Basic Almond Milk



Ah Almond milk, freshly strained with a frothy layer on the top… I love adding almond milk to my porridge, smoothies, evening chai or just enjoying it straight from the jar.

This basic recipe is as simple as blending 3 ingredients: Almonds, water and dates.

Did you know Almonds are one of the most nutritious tree nuts? They are a great source of protein and fatty acids, vitamin E and B vitamins, as well as a wonderful source of Calcium (as long as they have been soaked).

Why bother with the soaking? Soaking will off course make our process a lot easier as the almonds will be softer and juicier than the dry ones. But there is another very important reason to soak them. A raw almond is a seed in its dormant state. Clever nature wants to keep it intact without germinating into a plant unless the perfect time arrives. While the seed is dormant or “sleeping”, it has two main natural substances which allow it to remain intact: phytic acid and a whole group of enzyme inhibitors.

Water essentially tells the seed it’s time to start the sprouting process. This is why we soak almonds overnight, to activate them and wake them up to life!

Soaking helps to remove the phytic acid that would otherwise remain bound to minerals such as calcium, making it difficult to absorb. It also neutralizes the enzyme inhibitors that will make it much easier to digest. Off course a few raw nuts will never do you harm, but if you have time to soak them, your body will thank you for it : )

2Store bought almond milks will most likely not use soaked almonds, so the phytic acid content will be very high. Making your own almond milk will not only save you money but will make you feel proud of making a raw, sugar-free, preservative free and sustainable milk at home!


One last thing to have in mind is buying fresh almonds. I have made the common mistake of keeping almonds in a jar for way too long and once they become bitter (have that rancid aftertaste), it means their oils have been oxidised. This rancid taste will still transfer to your milk! So now I know, it’s best to buy small batches of good quality, raw and fresh almonds.

Ok, on to the recipe then!

Ingredients: (Makes approx. 3 cups)

1 cup raw almonds
3 cups filtered water
1 big medjool date
A pinch of salt
A small piece of vanilla bean or a pinch vanilla powder (optional)
You will need a blender and a cheesecloth (or any fine cloth will do)

Feel free to add more dates for extra sweetness or none at all for a neutral version. Another sweetener option is 1-3 tsp raw honey or maple syrup.


Put almonds in a container, cover with water and a pinch of salt. Leave overnight.

In the morning, give them a good rinse. At this point they will have absorbed enough water for the skin to be removed easily. If you have the time, squeeze each almond and the skin should just pop out. Sometimes this might feel extremely hard to do and this means your almonds have probably been pasteurised.  Pasteurised or not, activating your almonds will still improve their digestibility. And not to worry if you can’t or don’t have time to peel them, the soaking will have removed most of the phytic acid from the skin.

If you have a high powered blender, you can blend all the ingredients in one go. If you are worried your blender might struggle a bit, just take it slower and blend the almonds with 1 cup water first until you make a smooth paste and then add the remaining 2 cups of water and sweetener.

Place a nut milk bag or piece of cheesecloth over a large sieve on top of a bowl and strain the milk through. Hold the bag or 4 corners of the cheesecloth and squeeze as much milk as you can.

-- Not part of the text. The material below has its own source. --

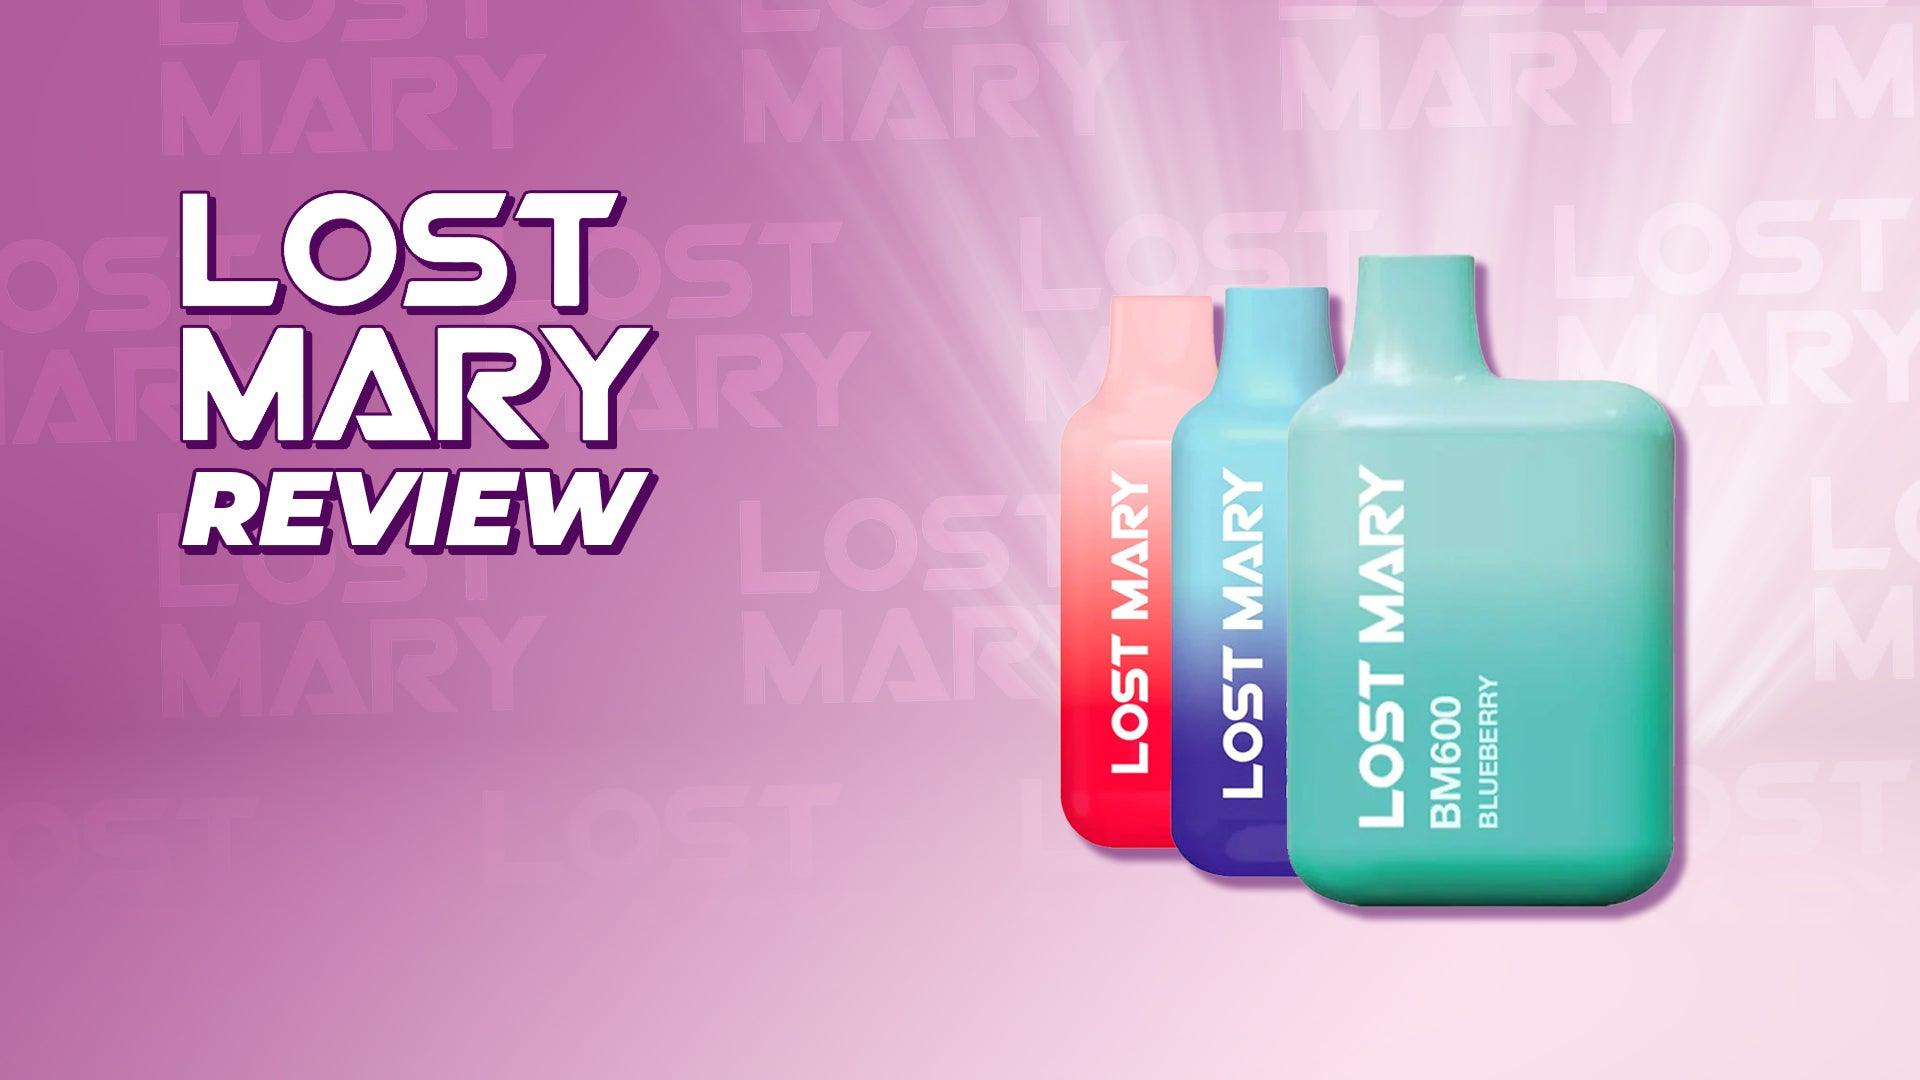 Lost Mary BM600 Review - Brand:Lost Mary, Category:Vape Kits, Sub Category:Disposables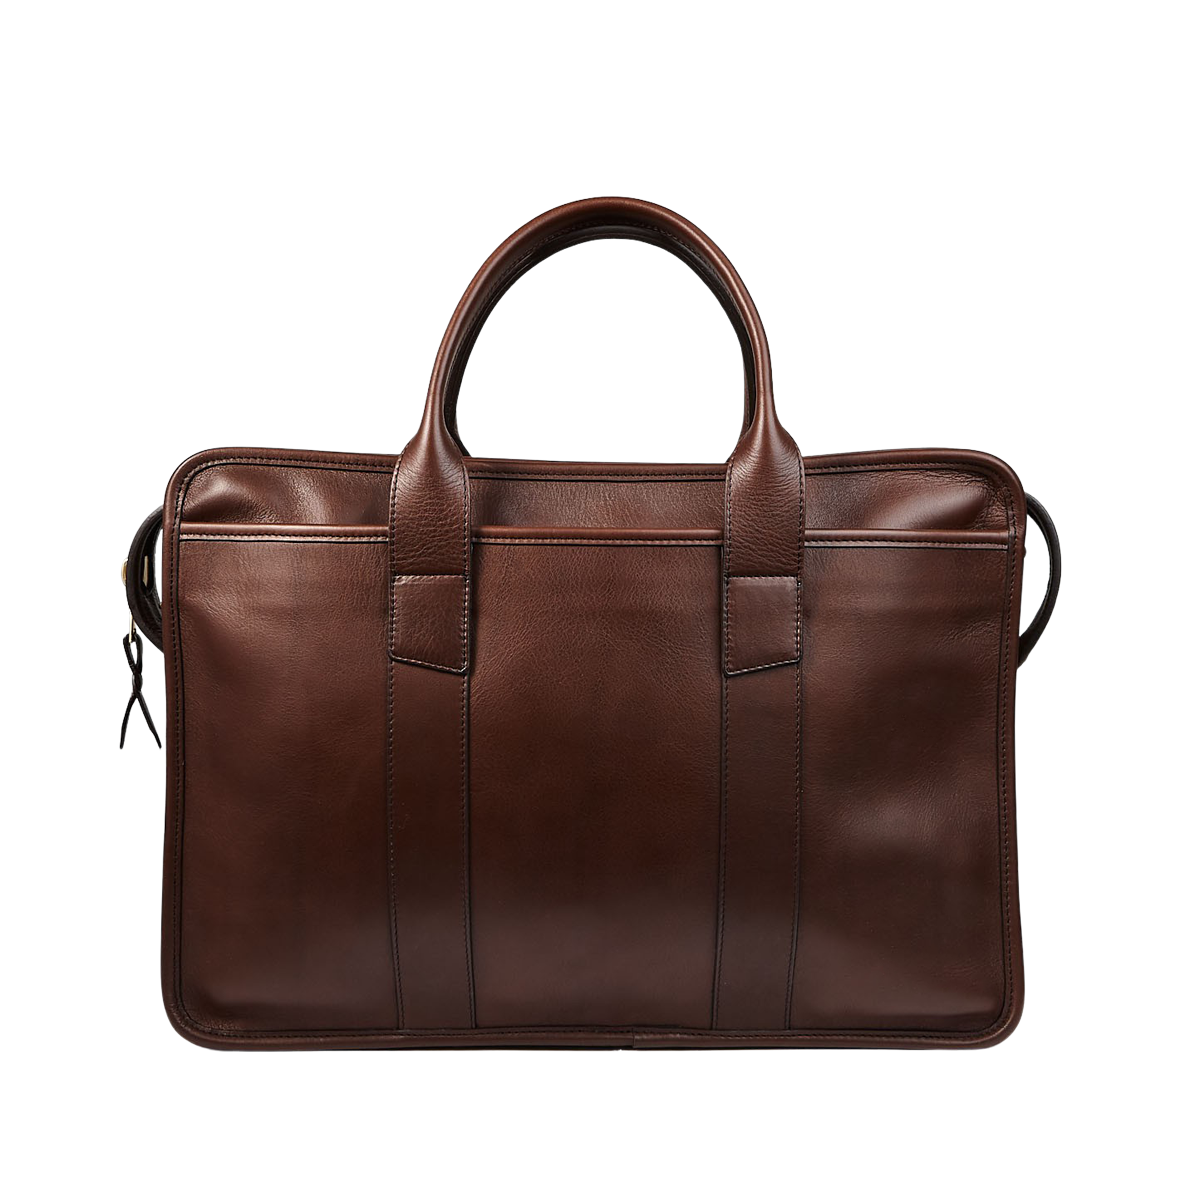 The Frank Clegg Chocolate Tumbled Bound Edge Leather Zip-Top Briefcase.

5Transfer the milk to a glass jar or bottle, drink straight away to enjoy the froth ; ) or keep in fridge for up to 3 days. Remember to shake before using as the heavy bits will naturally sink to the bottom.
If you’re feeling inspired to try new versions of this classic, you can add a little cocoa powder at the end for a chocolatey drink, sprinkle cinnamon over the top or use fresh chai tea instead of filtered water for a spicy milk version.


What can you do with the leftover pulp? Mix it into porridge or granola, make almond hummus, bake biscuits or muffins, dry it in the oven to make almond flour or if you’re feeling lazy you can keep it in the fridge for up to a week. Now if all these don’t work for you, your compost or worm farm will enjoy the pulp too.


Hope you enjoy your homemade almond milk!